If you can't do this -- and in some environments it might be risky -- you'll need to ensure that you don't have rules in place that will block IP traffic from the container. Unfortunately, I can't advise on how to do that -- there's just too much variation in software firewall configuration.

The following steps -- which should be carried out on the host -- assume that the host's primary interface is called eth0. As ever, you'll need to substitute the name that is appropriate on your system.

First, add FORWARD rules between the primary interface and the host end of the veth interface pair, in both directions. These rules will allow network traffic that arrives from the container on veth-host to be forwarded to the host's primary interface, and vice versa

# iptables -A FORWARD -o eth0 -i veth-host -j ACCEPT
# iptables -A FORWARD -i eth0 -o veth-host -j ACCEPT

Now set up a rule for masquerading traffic whose source IP is that of the container-end of the veth pair.

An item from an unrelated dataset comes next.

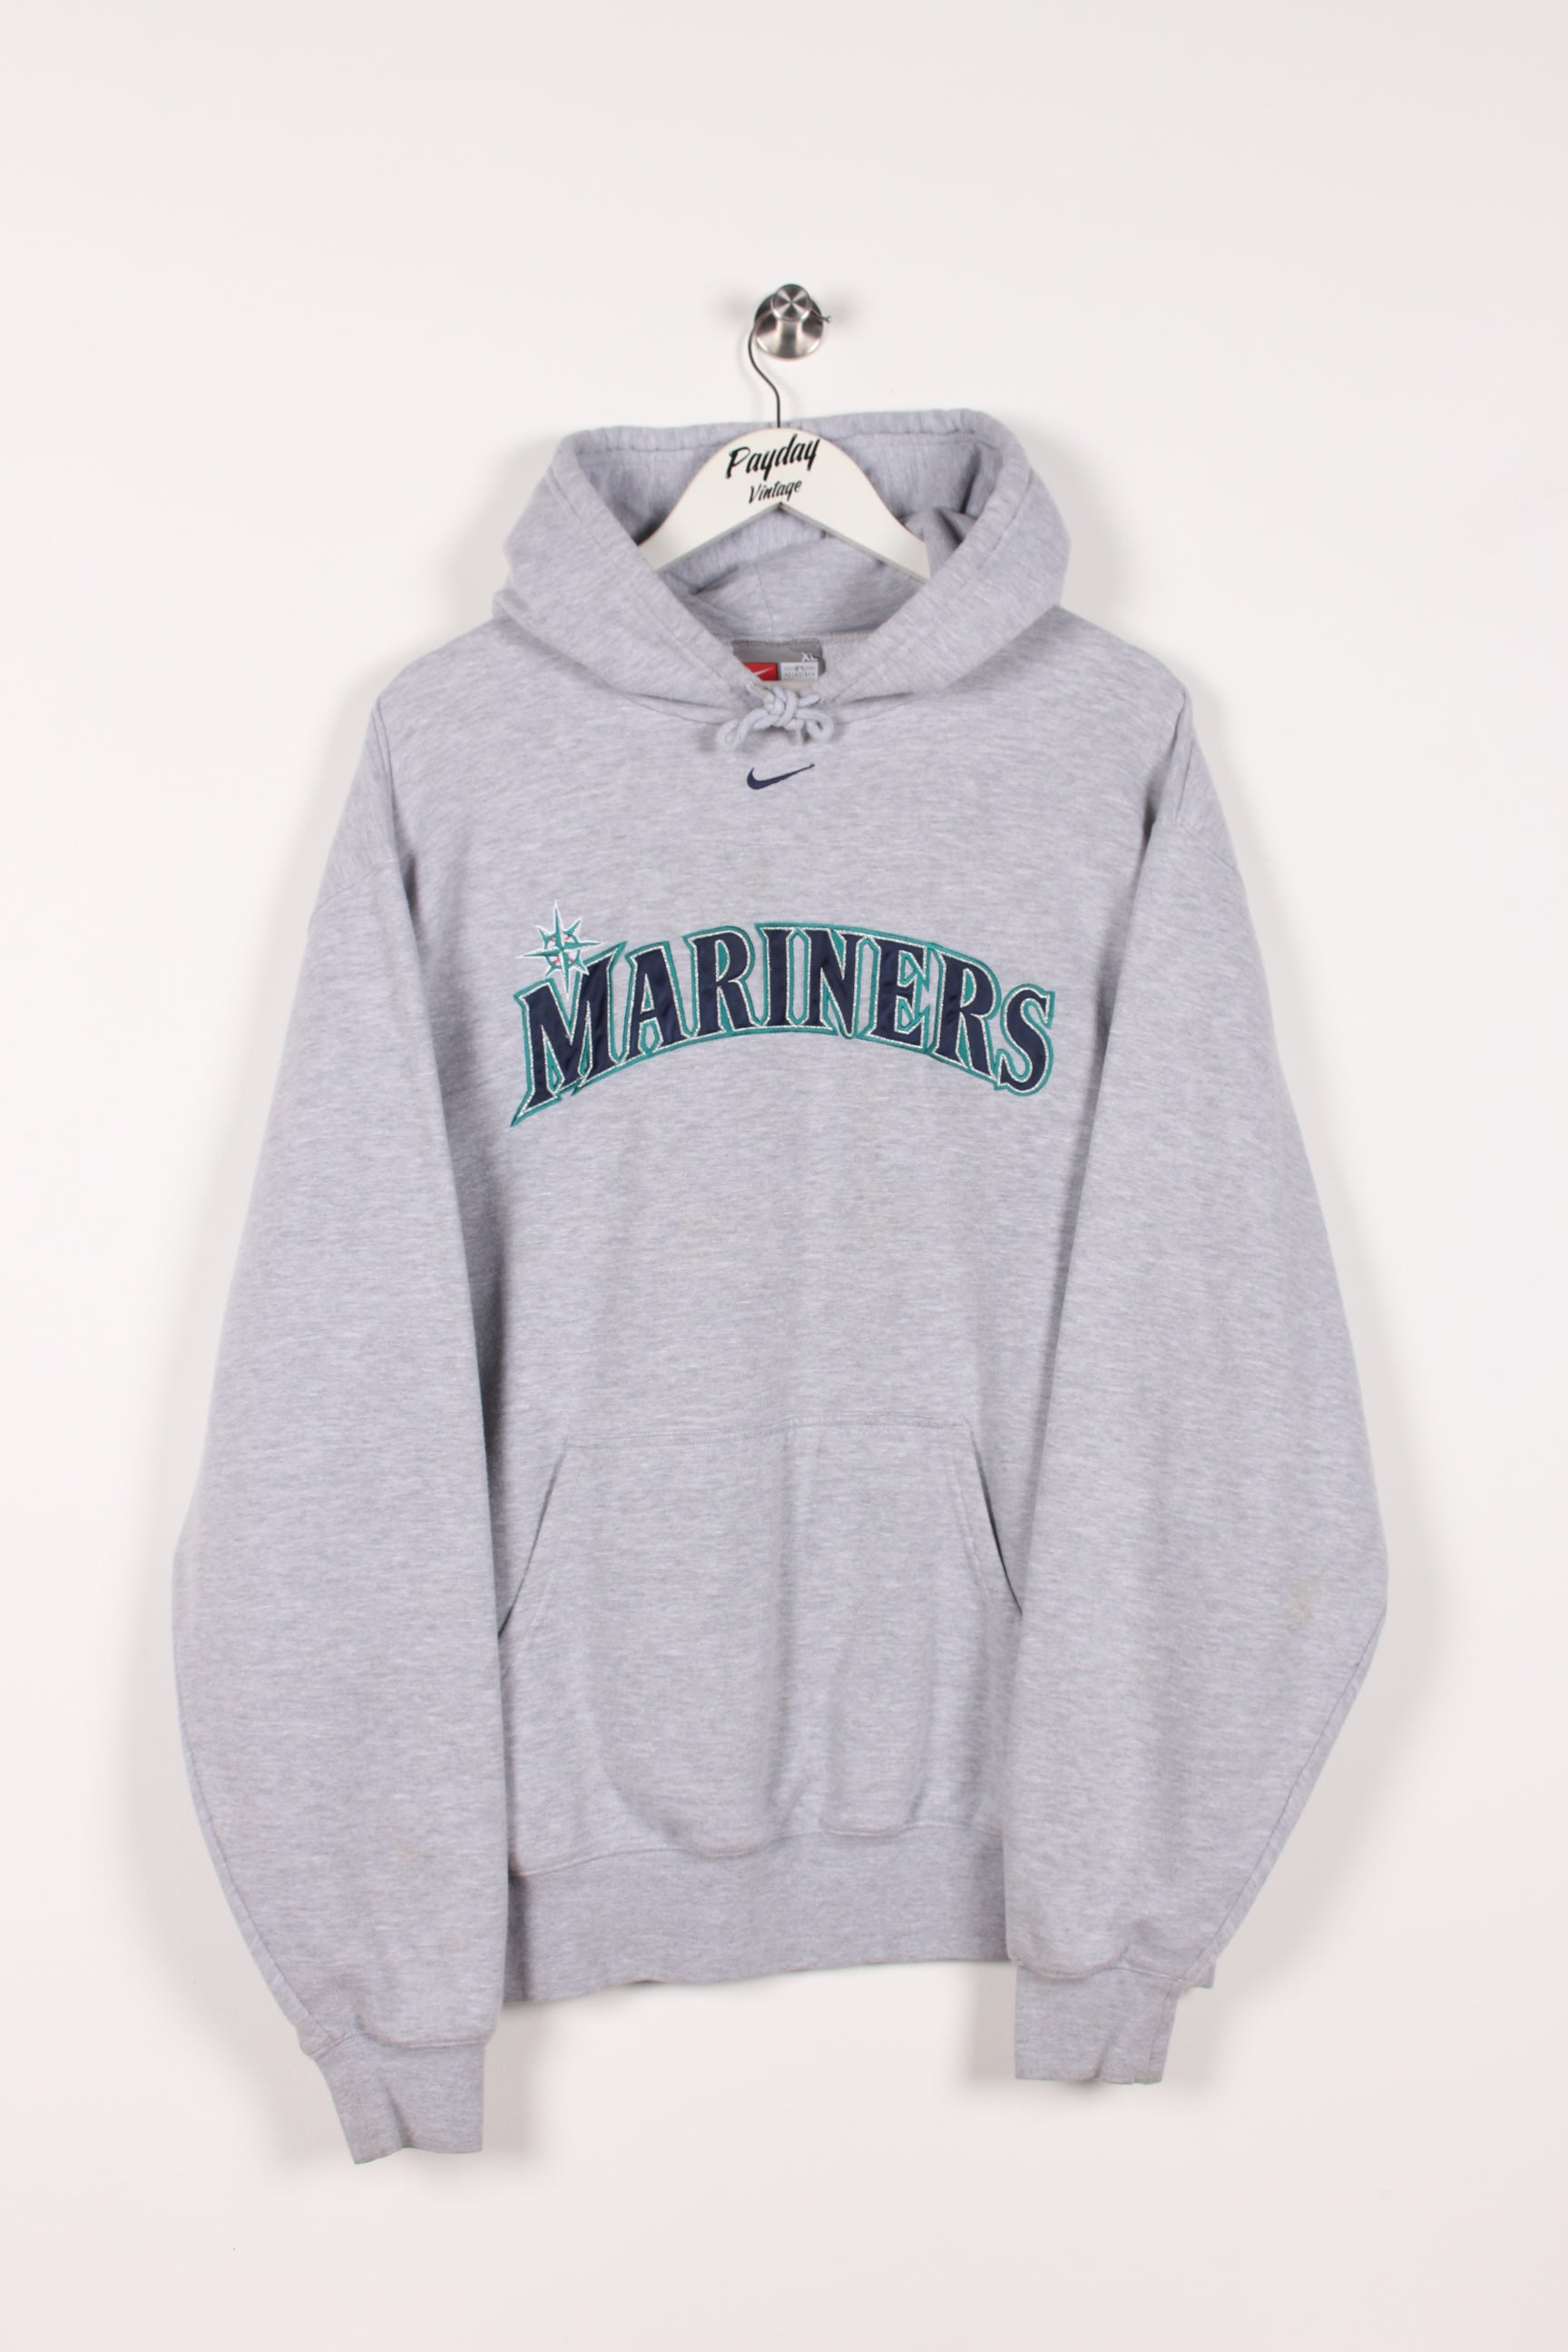 90s Seattle mariners vintage MLB hoodie. Navy and gray. Large

# iptables -t nat -A POSTROUTING -s 10.0.3.2/24 -o eth0 -j MASQUERADE

That completes the setup in the host. In the container, we'll need to create a route that will send all traffic, other than that within the container itself, to the host end of the veth pair. So add this line to start.sh:

ip route add default via 10.0.3.1

Finally, to get Internet access in the container, you'll probably also need to configure a DNS resolver in /etc/resolv.conf. What is appropriate will depend on where your system is located, and how it is set up. In my tests I'm adding code like this to the script, to add a resolver to /etc/resolv.conf if the file does not exist:

if [ ! -f /etc/resolv.conf] ; then
  echo "nameserver 8.8.4.4" > /etc/resolv.conf 

"8.8.4.4" is Google's DNS server, but you probably have a more local one. And now, at last, we should be able to run the container shell, and carry out operations that require Internet access, like:

# ip netns exec container-netns unshare -mpfu chroot container /bin/start.sh
mycontainer:~$ wget http://google.com
index.html saved.

There are many other significant, network-related activities that need to be carried out, to create a viable container infrastructure. Since we only have one container so far, it's difficult to demonstrate those steps.